Extracted records:

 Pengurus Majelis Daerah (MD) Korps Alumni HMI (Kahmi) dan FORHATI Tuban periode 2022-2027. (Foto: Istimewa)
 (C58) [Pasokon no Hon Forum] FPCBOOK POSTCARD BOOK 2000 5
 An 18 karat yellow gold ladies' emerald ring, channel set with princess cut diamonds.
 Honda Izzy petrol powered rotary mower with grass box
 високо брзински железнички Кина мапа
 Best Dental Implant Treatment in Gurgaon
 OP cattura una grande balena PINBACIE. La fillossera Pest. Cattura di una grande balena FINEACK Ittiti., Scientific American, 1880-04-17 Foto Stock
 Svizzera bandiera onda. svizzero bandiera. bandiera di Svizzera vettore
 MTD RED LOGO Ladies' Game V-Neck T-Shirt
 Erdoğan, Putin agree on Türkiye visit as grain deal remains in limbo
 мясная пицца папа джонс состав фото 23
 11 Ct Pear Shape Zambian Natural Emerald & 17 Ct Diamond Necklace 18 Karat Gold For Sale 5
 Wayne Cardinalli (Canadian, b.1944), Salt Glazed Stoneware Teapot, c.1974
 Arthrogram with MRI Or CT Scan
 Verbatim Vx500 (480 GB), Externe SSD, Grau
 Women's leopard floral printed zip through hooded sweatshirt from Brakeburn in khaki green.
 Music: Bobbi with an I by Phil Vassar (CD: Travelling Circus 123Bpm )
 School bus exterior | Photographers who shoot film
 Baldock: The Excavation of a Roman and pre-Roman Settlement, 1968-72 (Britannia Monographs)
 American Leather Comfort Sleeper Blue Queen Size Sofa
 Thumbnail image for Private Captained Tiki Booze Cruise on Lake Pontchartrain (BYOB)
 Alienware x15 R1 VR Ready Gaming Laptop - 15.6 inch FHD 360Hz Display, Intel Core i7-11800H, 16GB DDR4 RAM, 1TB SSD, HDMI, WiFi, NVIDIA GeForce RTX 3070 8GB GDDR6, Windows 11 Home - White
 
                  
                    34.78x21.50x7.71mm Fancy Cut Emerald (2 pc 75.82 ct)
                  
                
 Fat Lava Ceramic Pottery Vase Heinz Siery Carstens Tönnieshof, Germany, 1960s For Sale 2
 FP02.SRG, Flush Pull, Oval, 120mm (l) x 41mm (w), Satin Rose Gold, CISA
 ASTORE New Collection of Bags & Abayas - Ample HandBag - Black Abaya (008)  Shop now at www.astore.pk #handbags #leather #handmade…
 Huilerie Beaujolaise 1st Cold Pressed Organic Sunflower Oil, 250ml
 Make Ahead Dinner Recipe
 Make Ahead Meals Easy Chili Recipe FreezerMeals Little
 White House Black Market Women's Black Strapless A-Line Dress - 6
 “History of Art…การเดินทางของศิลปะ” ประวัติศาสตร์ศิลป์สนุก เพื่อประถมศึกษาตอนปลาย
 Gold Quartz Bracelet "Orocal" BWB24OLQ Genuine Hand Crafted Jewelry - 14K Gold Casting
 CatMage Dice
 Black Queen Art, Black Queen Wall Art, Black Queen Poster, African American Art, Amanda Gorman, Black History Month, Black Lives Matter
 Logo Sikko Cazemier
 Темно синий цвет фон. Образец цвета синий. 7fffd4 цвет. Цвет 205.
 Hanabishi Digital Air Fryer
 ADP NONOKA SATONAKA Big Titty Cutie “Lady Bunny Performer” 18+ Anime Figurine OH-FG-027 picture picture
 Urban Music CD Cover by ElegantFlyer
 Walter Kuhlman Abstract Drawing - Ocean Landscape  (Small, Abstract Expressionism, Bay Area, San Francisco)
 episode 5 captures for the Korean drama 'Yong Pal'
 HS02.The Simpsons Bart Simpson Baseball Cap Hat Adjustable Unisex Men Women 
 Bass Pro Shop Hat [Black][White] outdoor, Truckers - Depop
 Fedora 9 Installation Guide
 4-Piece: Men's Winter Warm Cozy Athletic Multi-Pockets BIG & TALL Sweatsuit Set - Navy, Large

## [WHAT NEEDS TO BE DONE]
Wherever the string "Queen" occurs in the data, copy the line that holds it.

## [EXERCISE SOLUTION]
 American Leather Comfort Sleeper Blue Queen Size Sofa
 Black Queen Art, Black Queen Wall Art, Black Queen Poster, African American Art, Amanda Gorman, Black History Month, Black Lives Matter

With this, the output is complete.